Willow Point is now called Willow Island - this birth place of New Iceland was always a magnet for us boys. We could only imagine the hardships faced by our forefathers as they trudged ashore in a foreign land on a cold October day long ago. Just like when Afi was a boy, we always went duck hunting there on Thanksgiving. Before I was 16, I went with the older boys but on this cool October day I was 17, and heading out on my own.
A touch of frost had made the trees the color of the rainbow. I had walked the two miles from our home in the south end of Gimli and I was deep in thought as I approached the marsh. Suddenly a drake mallard jumped up squawking 40 feet in front of me. Instinct took over and up came my borrowed, single shot 10 gauge with the weak firing pin.
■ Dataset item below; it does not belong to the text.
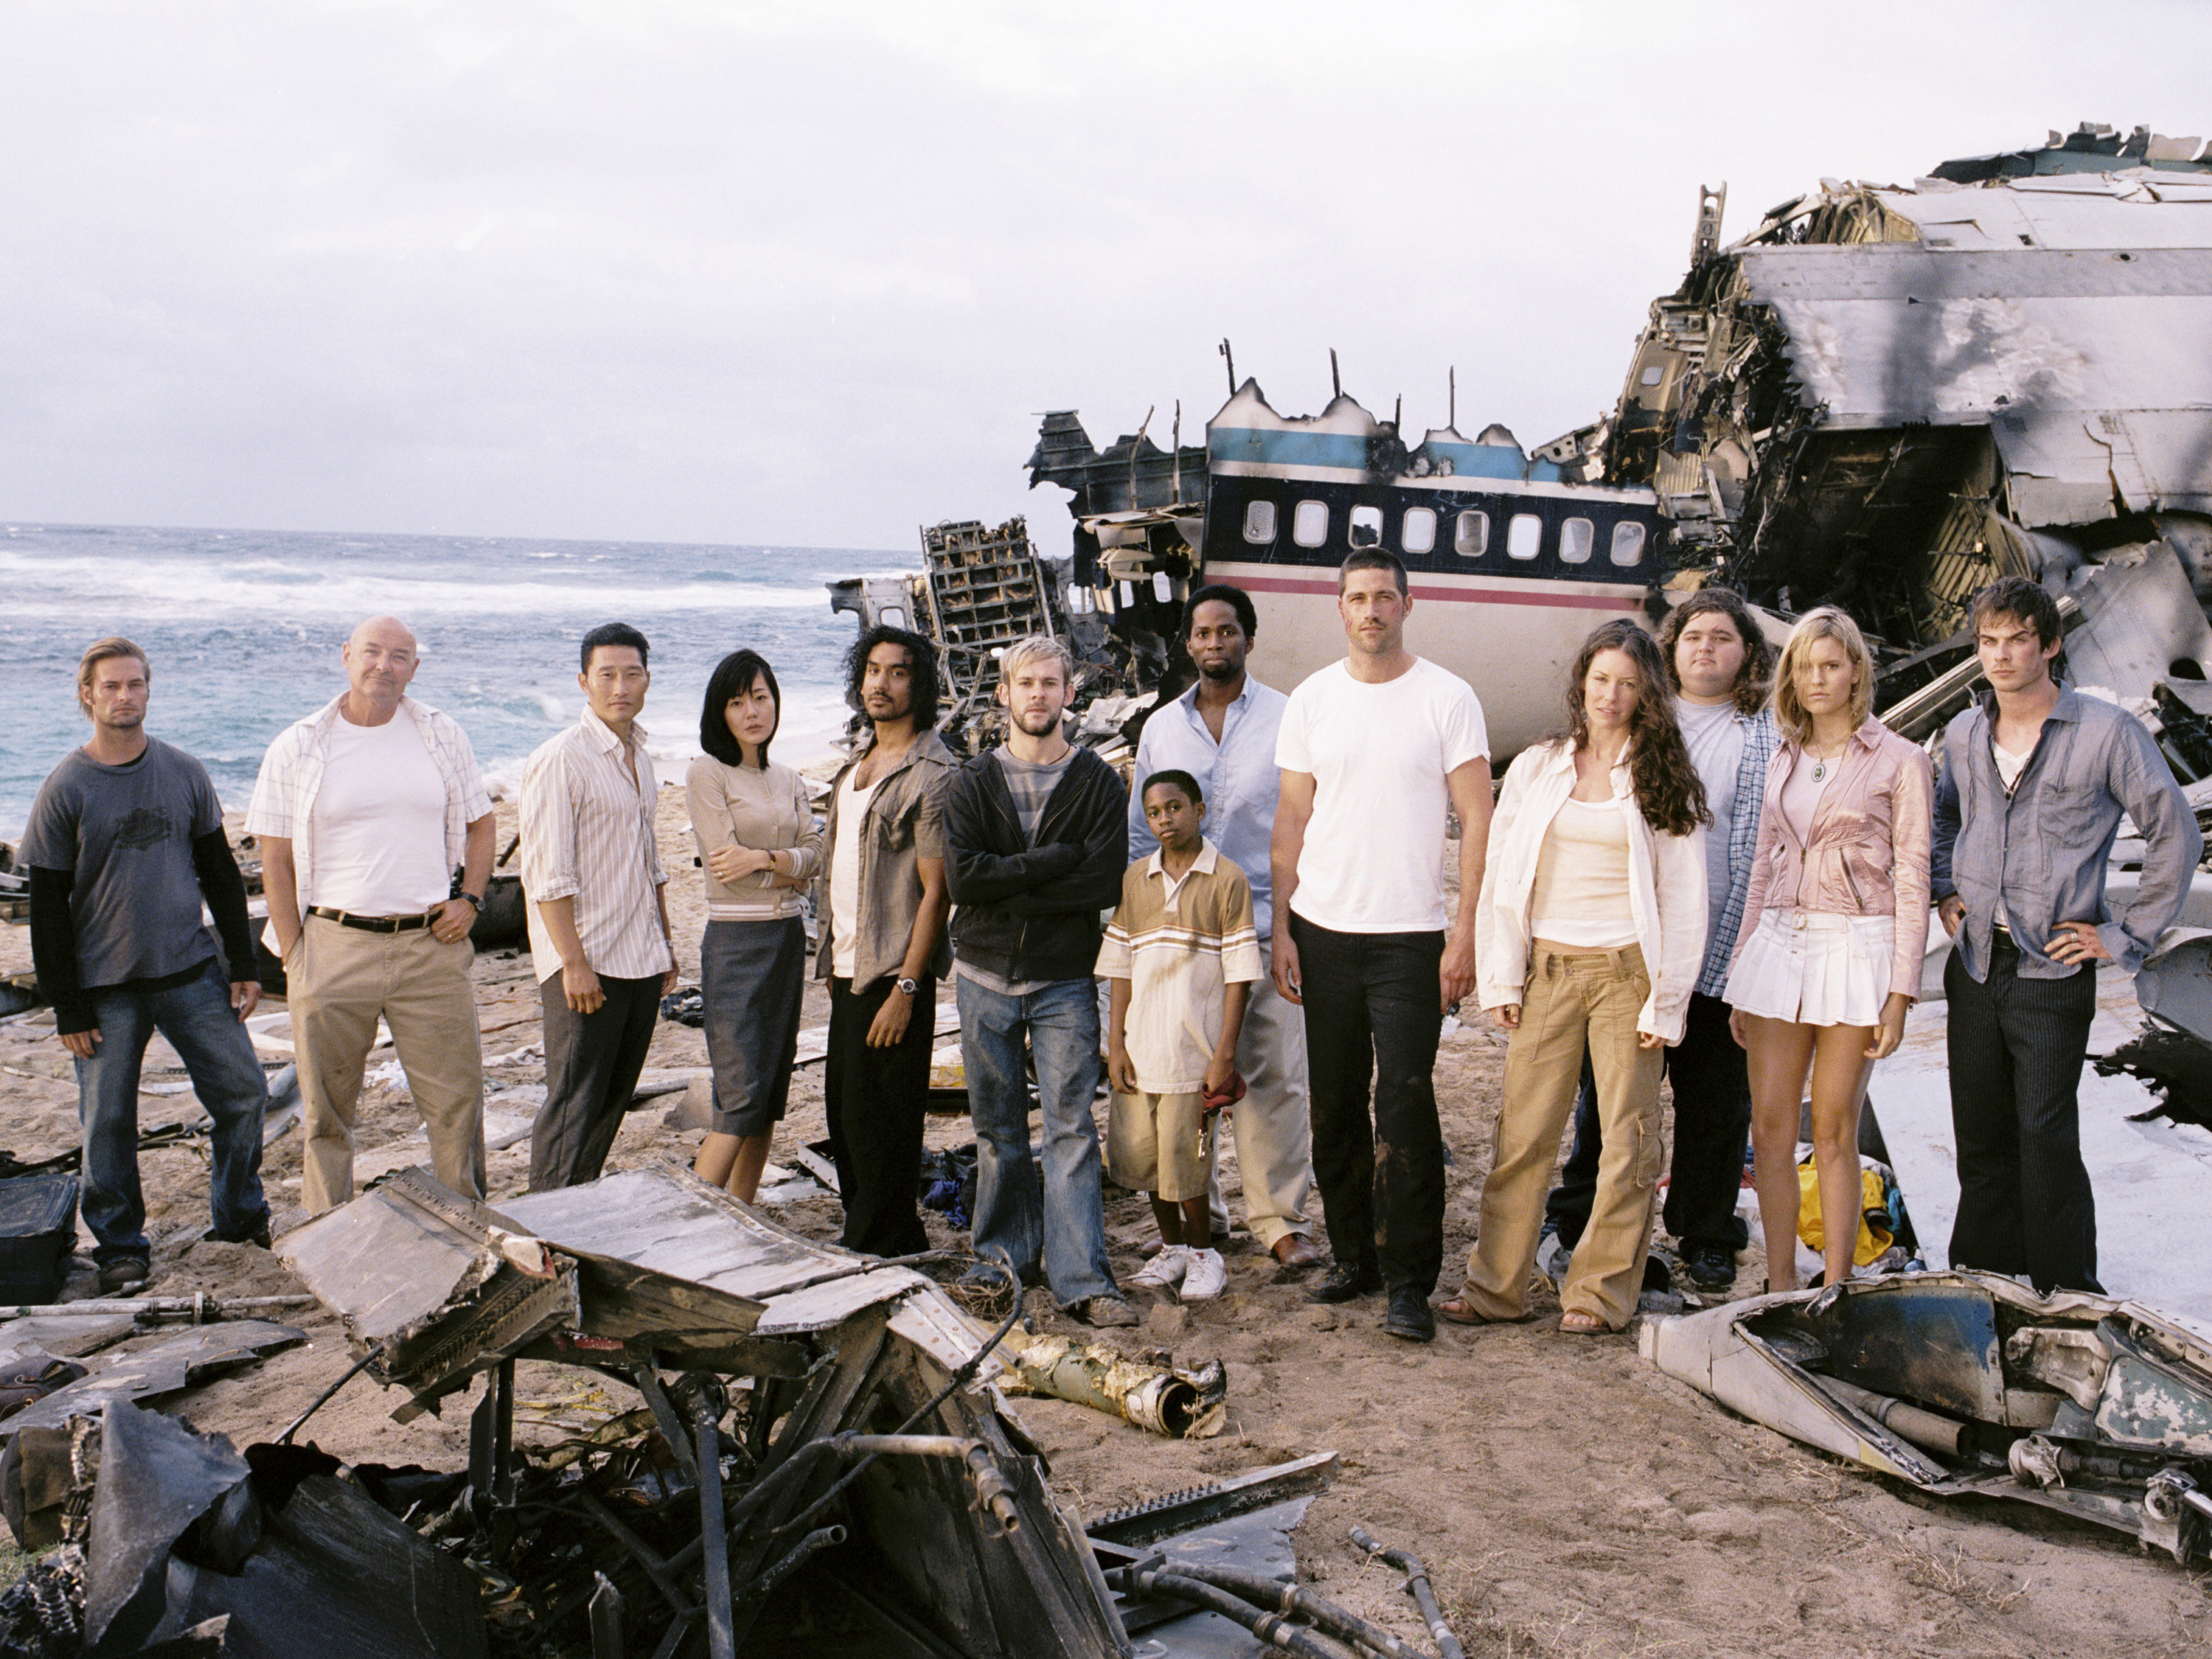 the cast of Lost in the crash site

The pin was so weak that an elastic cut from a car’s inner tube was stretched from the trigger guard to the hammer. Thanks to the fortified pin, down went the mallard. Now to retrieve my game bird. In my excitement, I marched directly into the marsh and promptly stepped in a muskrat hole. Ice cold water right up to my waist… but I still retrieved my duck.
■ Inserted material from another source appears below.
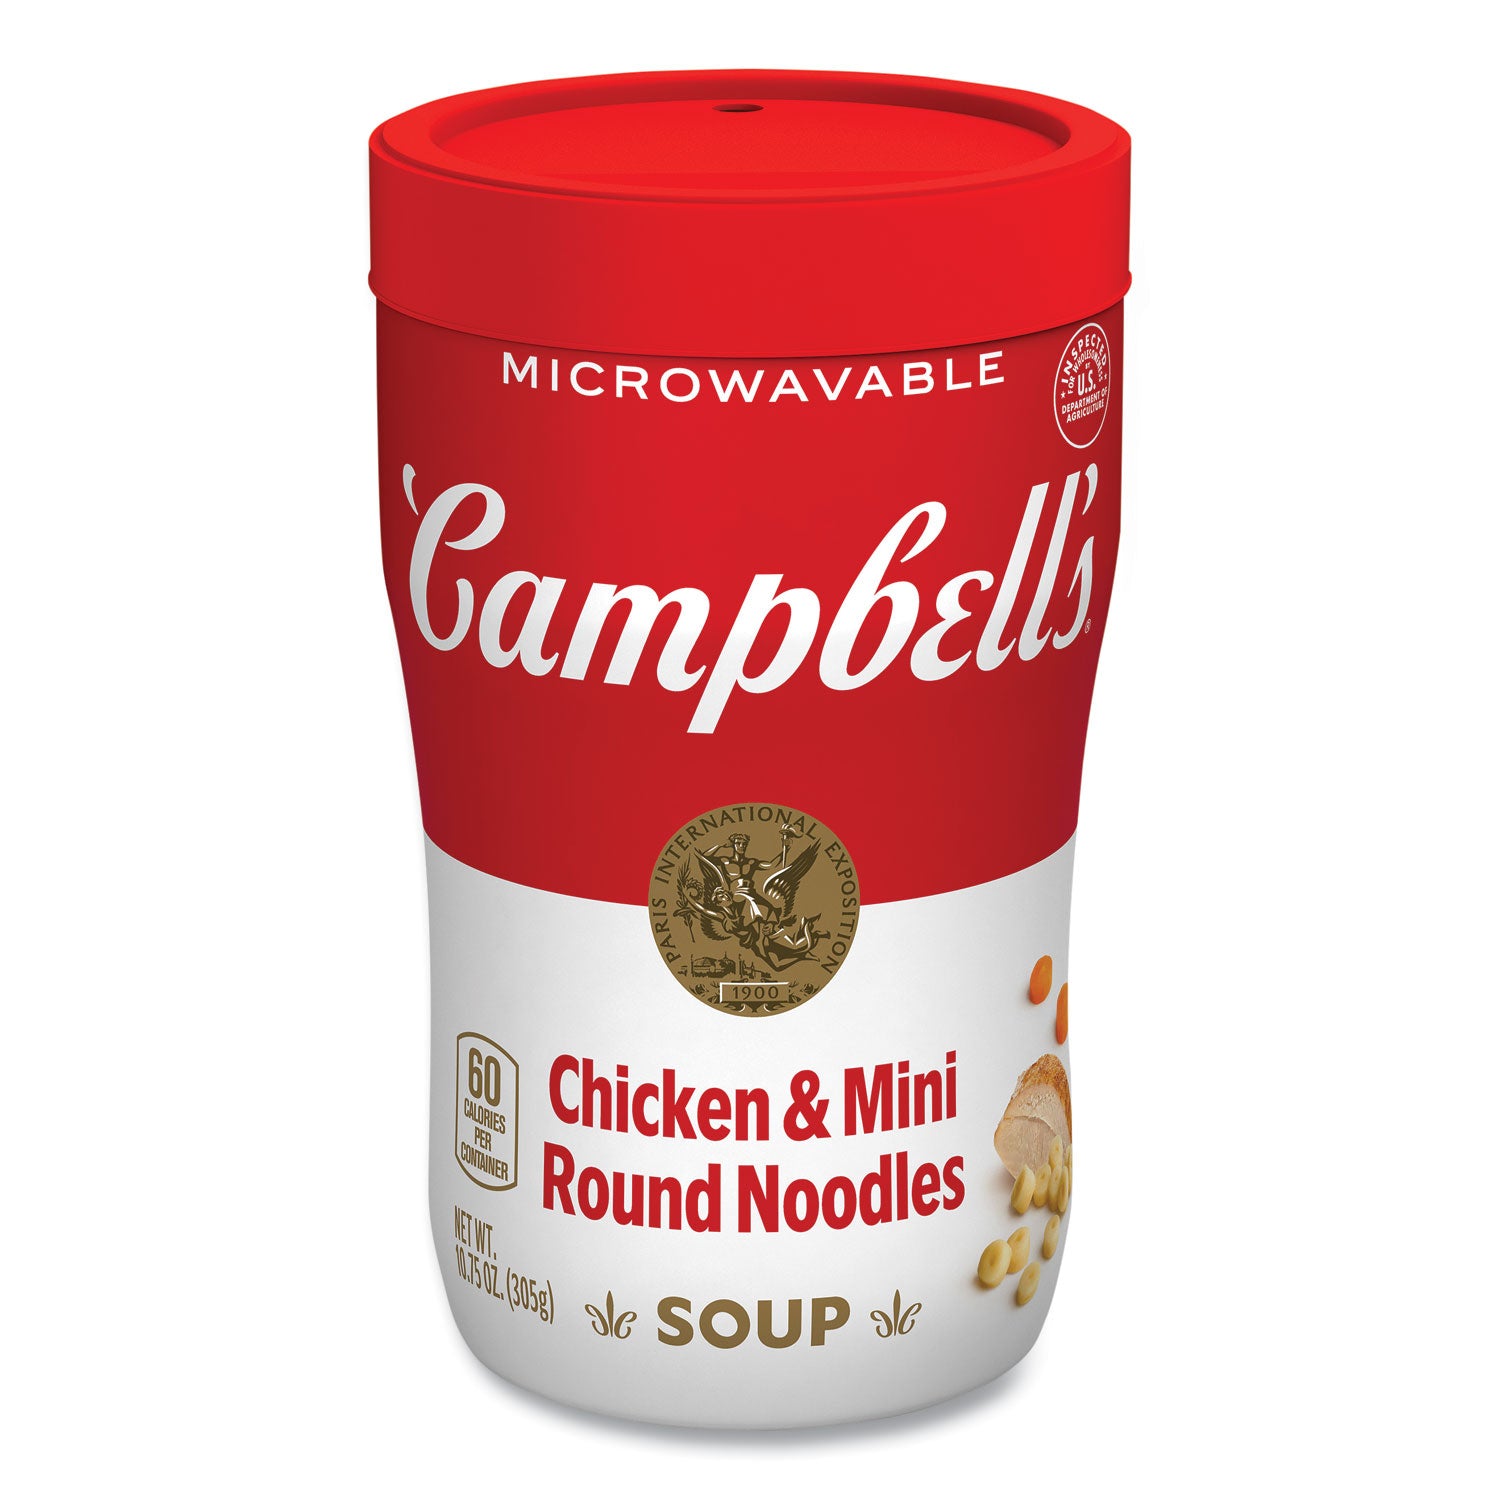 soup-on-the-go-chicken-with-mini-noodles-1075-oz-cup-8-carton-ships-in-1-3-business-days_grr35100007 - 3

My mother had insisted that I take an extra pair of socks with me, although a change of socks was not going to do the trick that day. As I looked for a place to sit down, I spotted some driftwood from a three day Nor-Easter some weeks earlier. A goodly amount of wood was piled high and dry on the shore. Luckily my matches were in my chest pocket. Using my newly acquired hunting license as a starter, in no time I had a roaring fire going. I then took my soaking clothes off to dry.
As I was warming up, out of the corner of my eye I noticed a movement near where I had placed the duck. I reached automatically for my borrowed shot gun and I saw a beautiful black Mink taking off with my game bird. He was totally fearless - hauling the duck down the beach full speed toward where he had made a lair in the mud bank. I raised the gun to fire a warning shot and scare him off but as I pulled back the trigger to cock the gun, the rubber band that supported the firing pin snapped. As I was buck naked from the waist down, I was not about to argue with a sharp clawed mink. This likely escapee from one of the numerous mink ranches in the area was no doubt was hungry and clearly determined. After getting dressed and putting out the fire I decided to just head for home. Determined to bring more rubber rings the next time. Or better get my own 12 gauge shot gun.
Over the years there were many more Thanksgiving duck hunts. Some were good, some so-so. But I like to think that for one particular mink in a mud bank, on a cold beach south of Gimli, October 1953 was the best Thanksgiving ever.